◆ Aim of the exercise ◆
Return the listing exactly. Keep no pictures.

◆ Stored data ◆
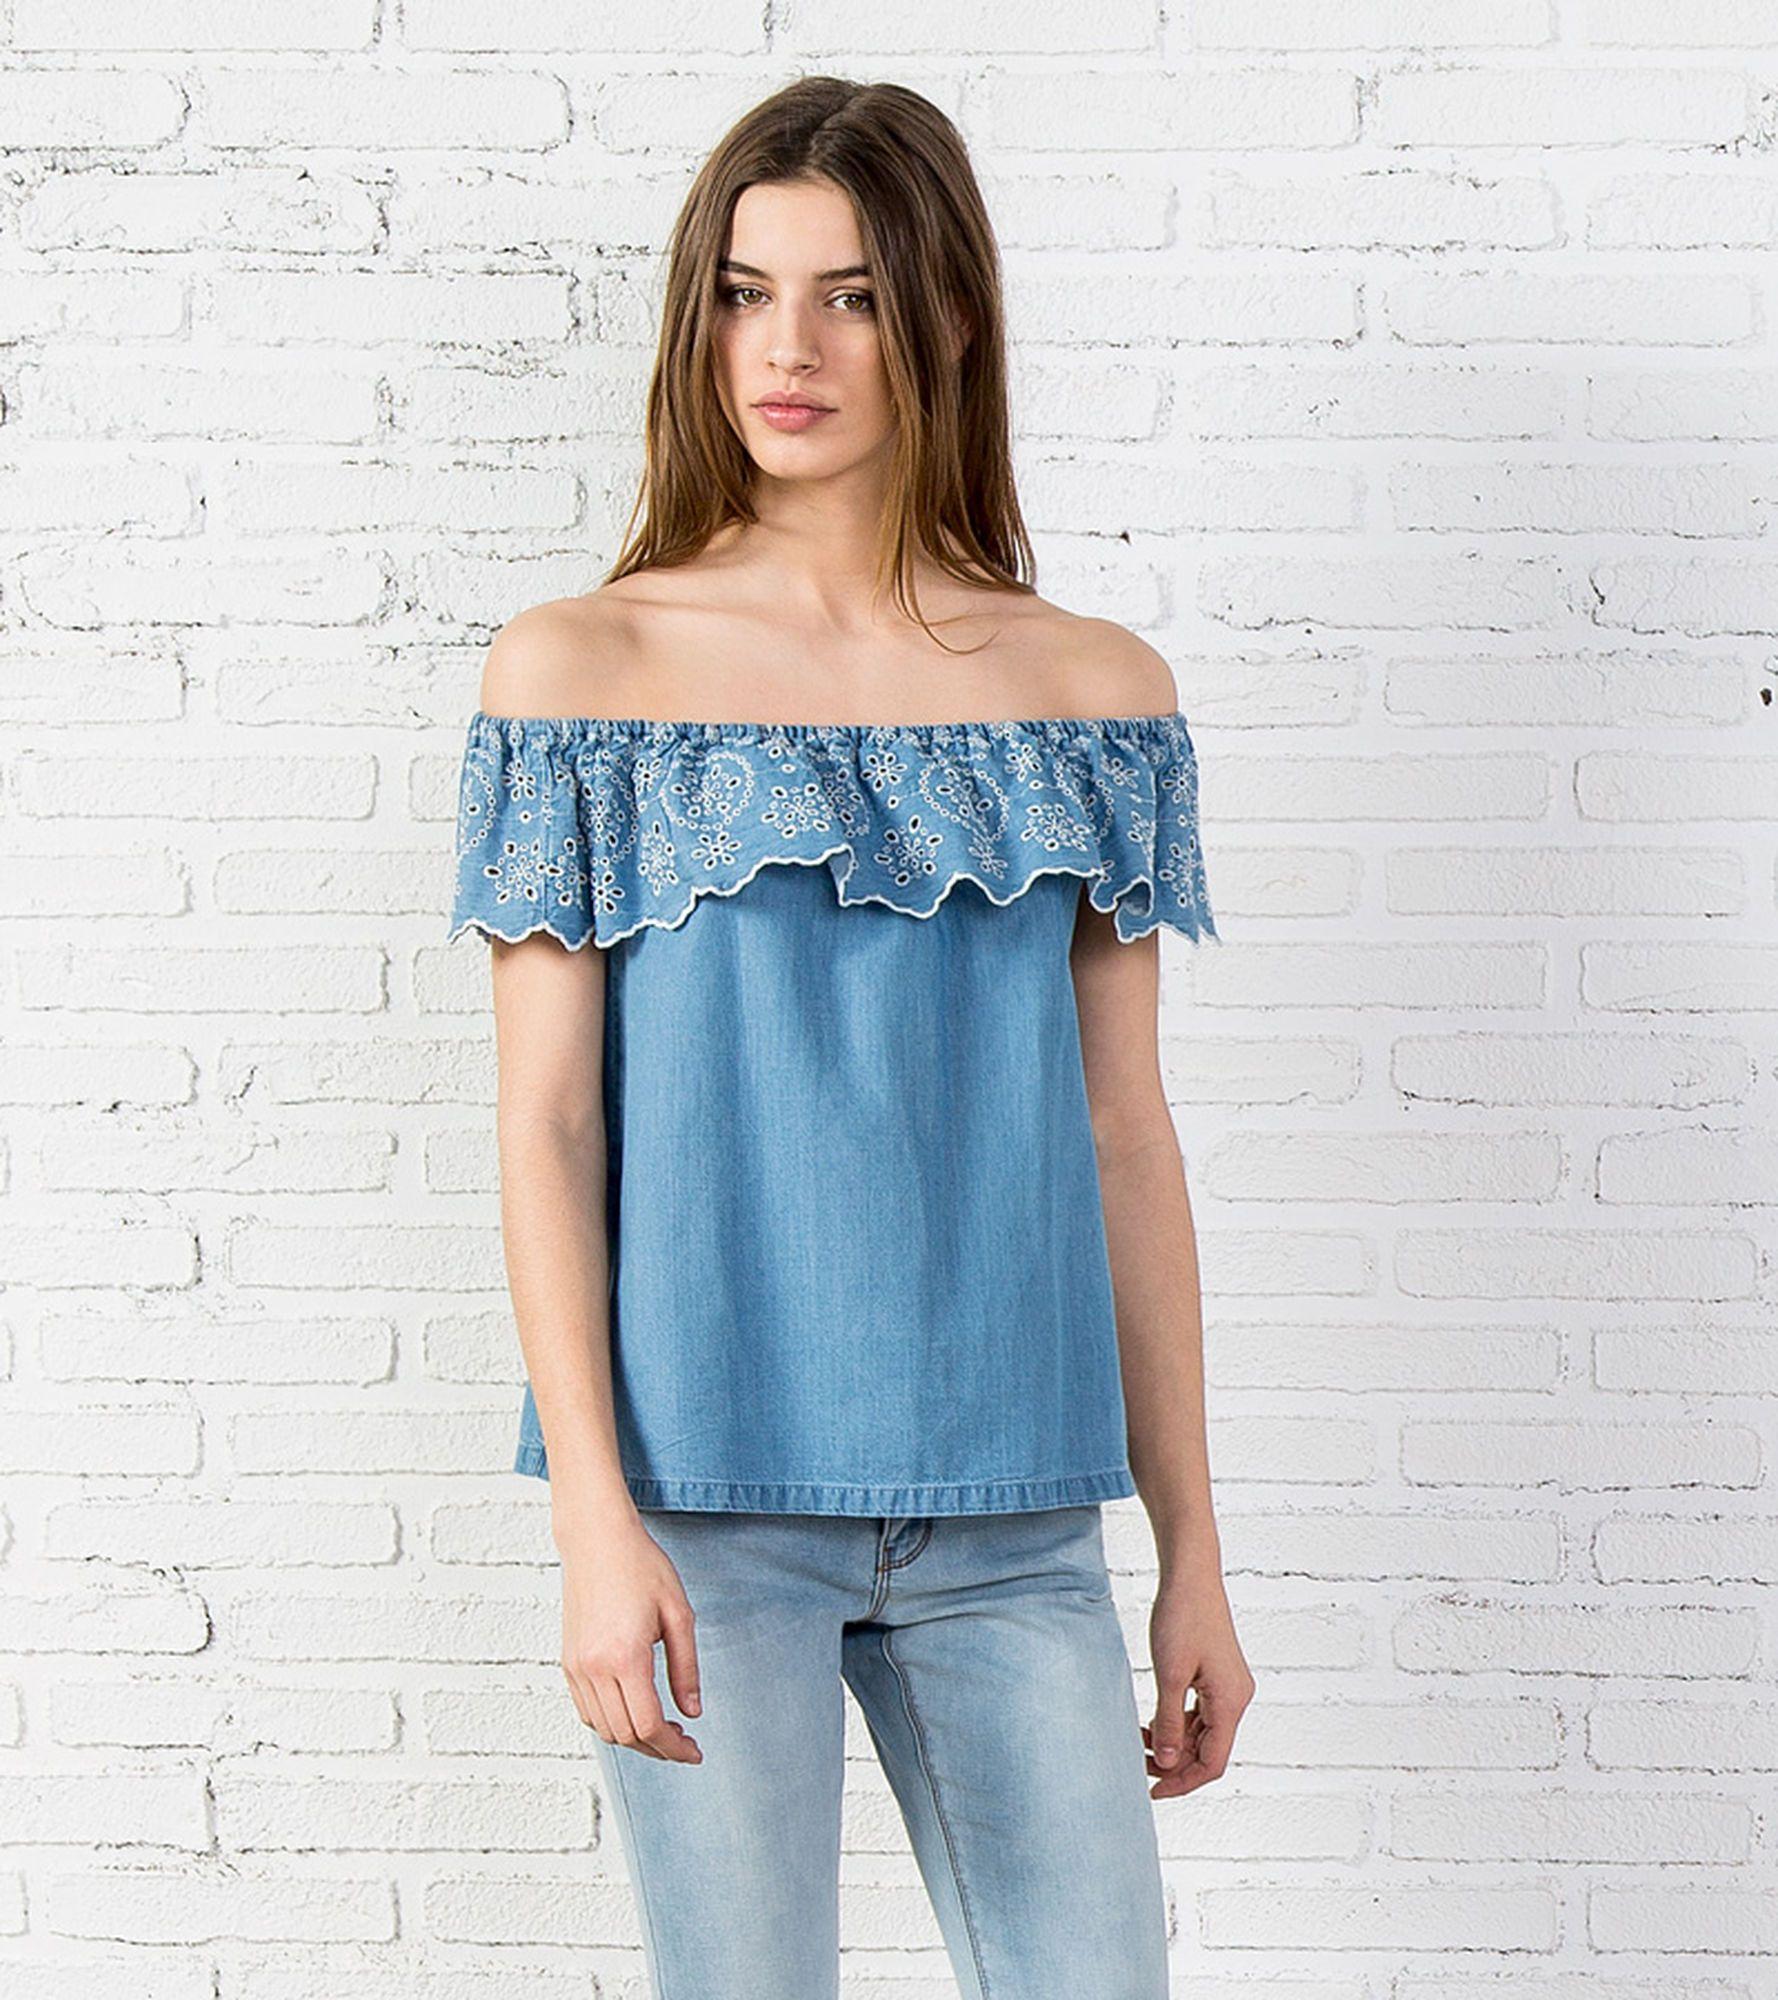 ba6c0bfa8f44 BLUSA DENIM VOLANTE - Camisas | Inspiration | Blusas, Blusa sin ...
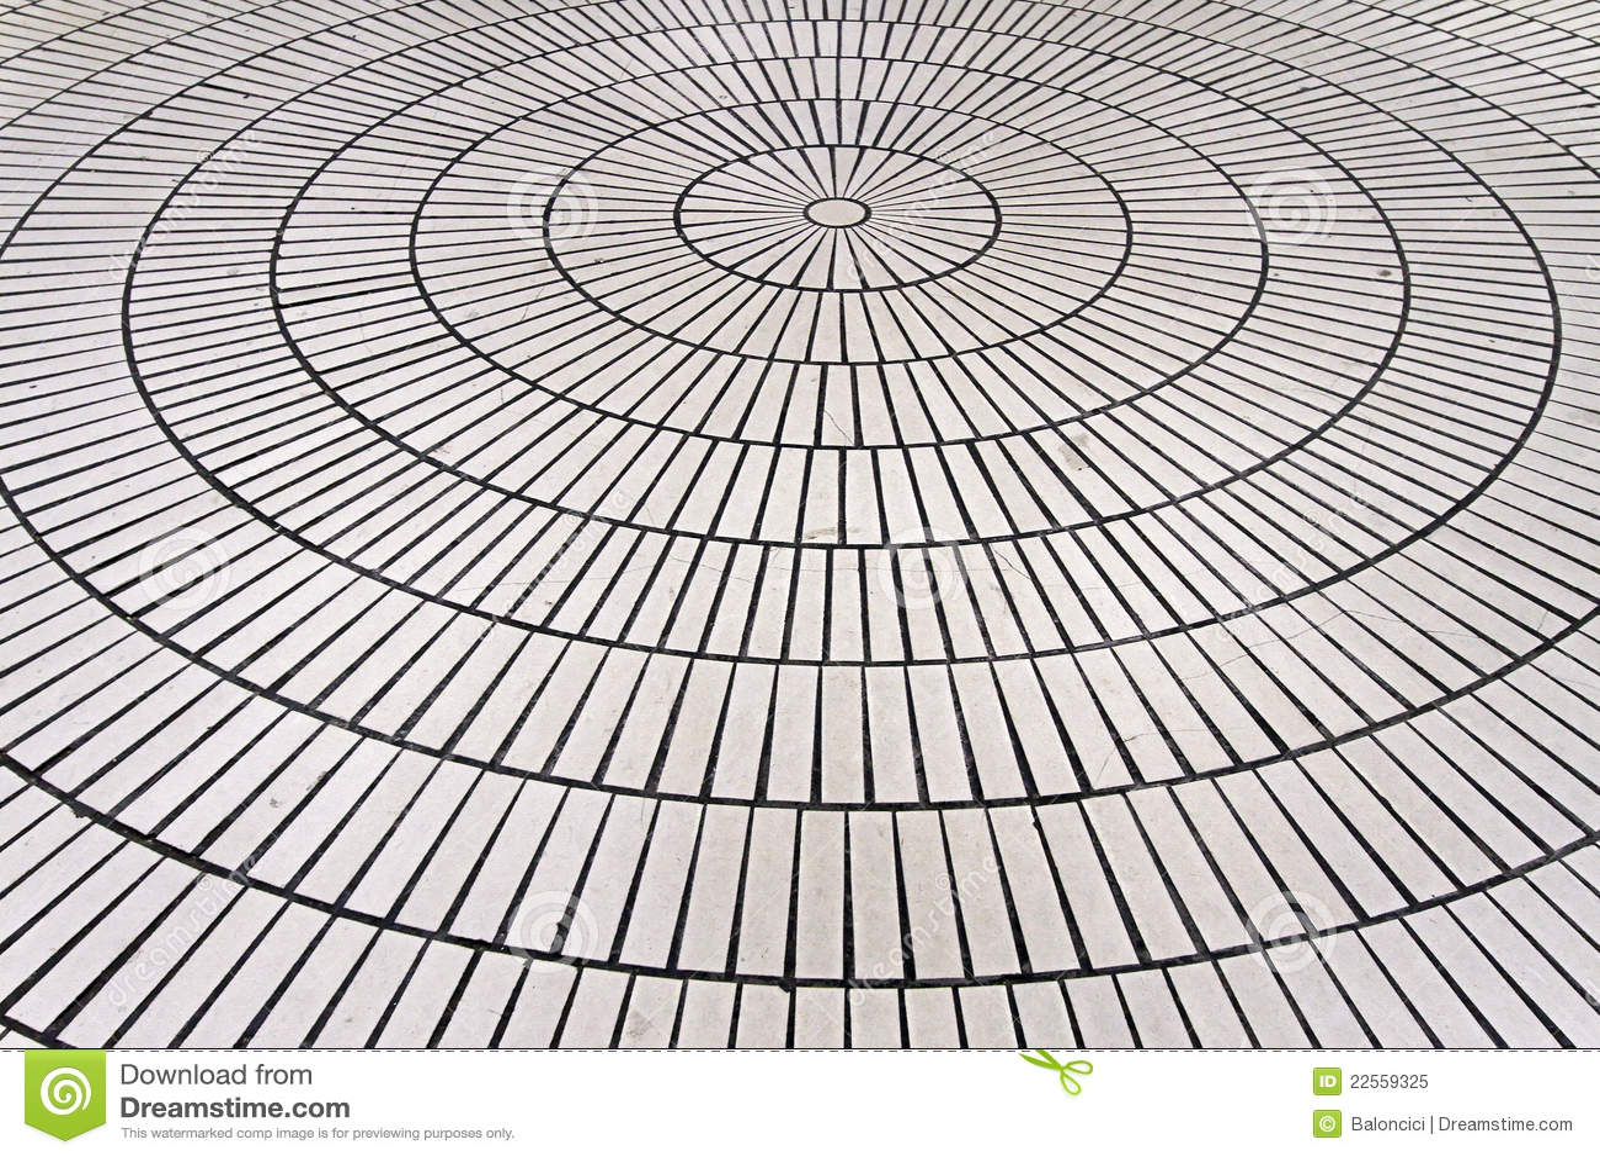 Circle Tiles Circle Tiles Royalty Free Stock Photo Image 22559325
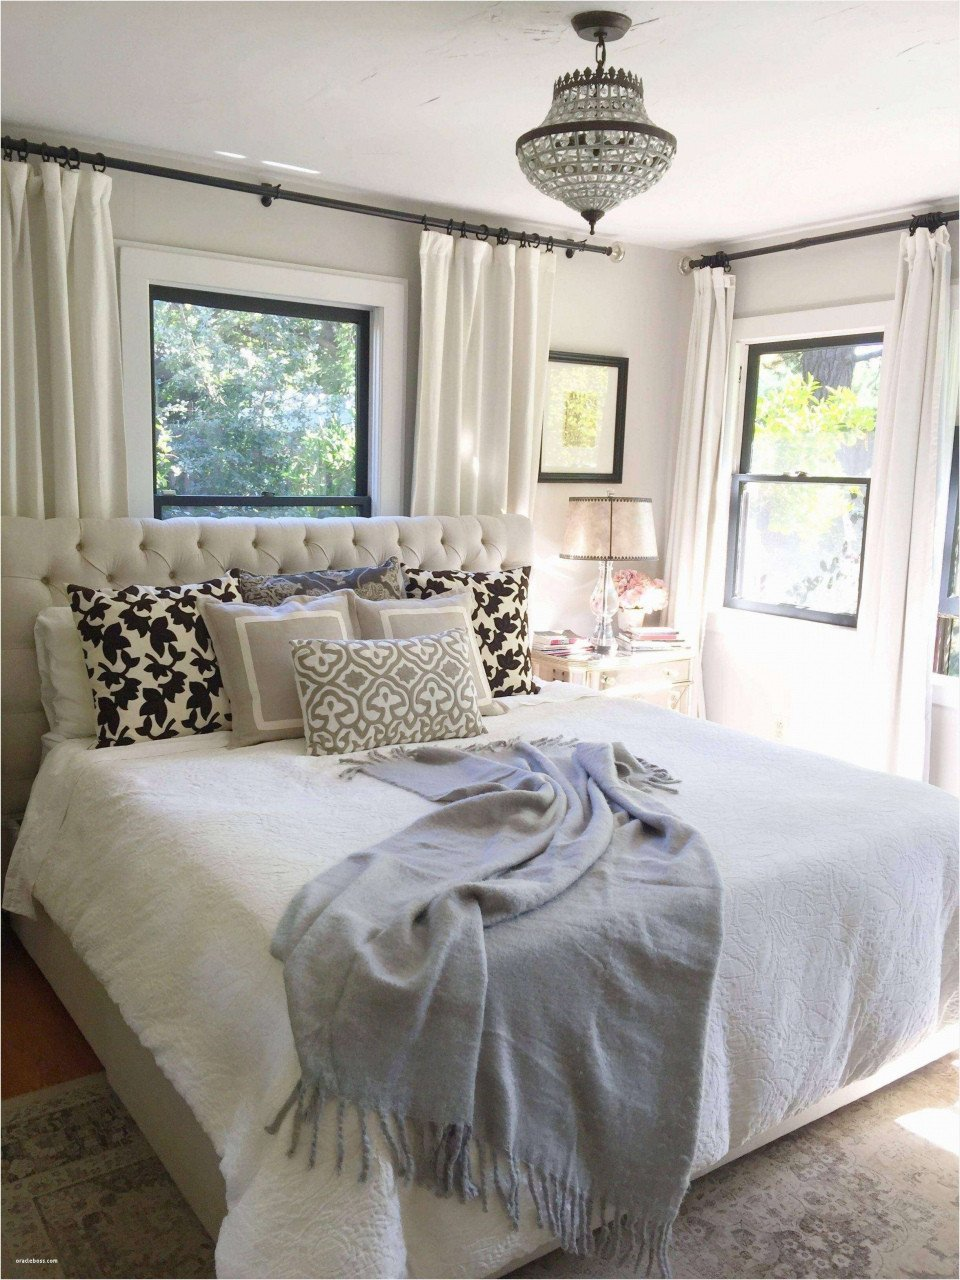 Bedroom Sitting area Ideas Best Of Bedroom Interior Design — Procura Home Blog
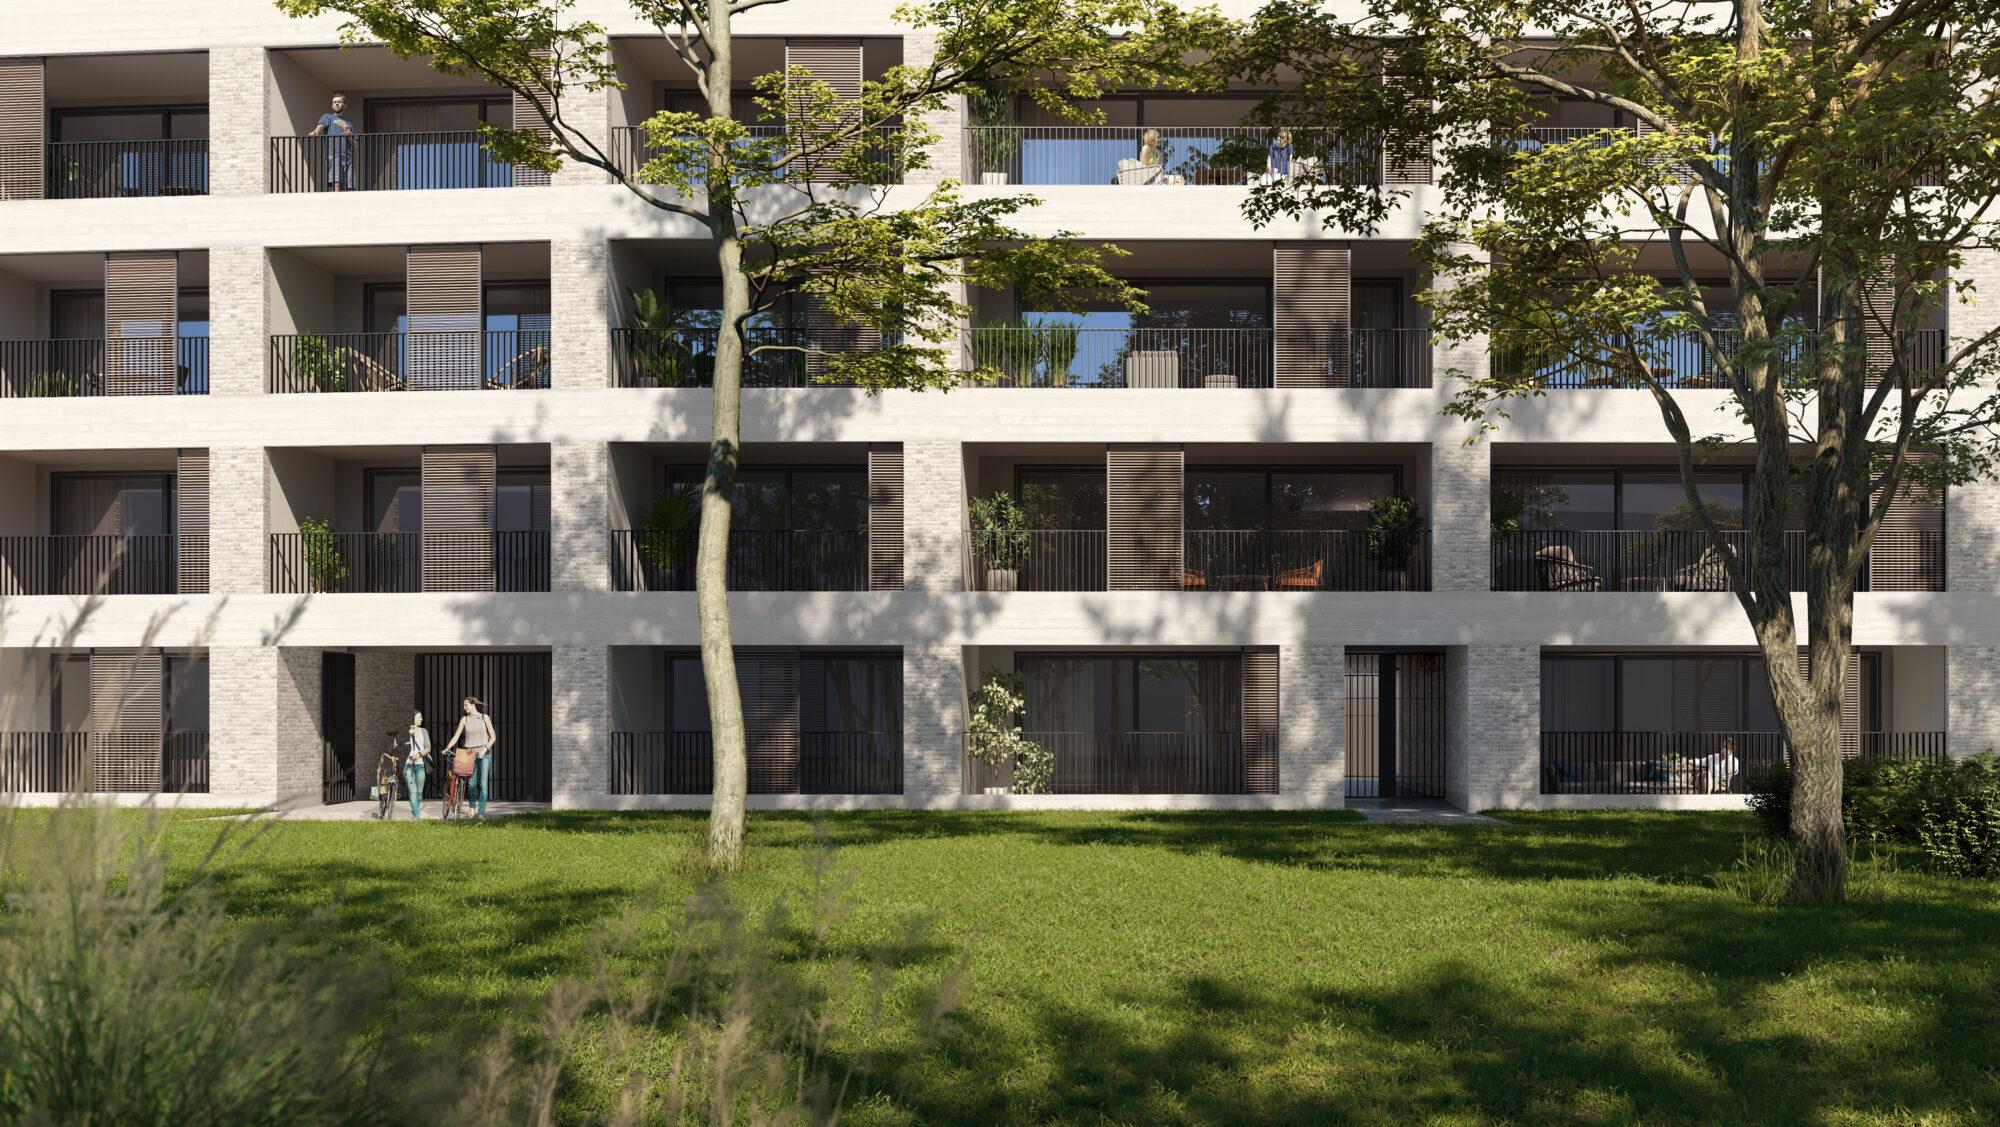 7655 kolmont refuga images exterior A3 City Apartment final

◆ Answer space ◆
 ba6c0bfa8f44 BLUSA DENIM VOLANTE - Camisas | Inspiration | Blusas, Blusa sin ...
 Circle Tiles Circle Tiles Royalty Free Stock Photo Image 22559325
 Bedroom Sitting area Ideas Best Of Bedroom Interior Design — Procura Home Blog
 7655 kolmont refuga images exterior A3 City Apartment final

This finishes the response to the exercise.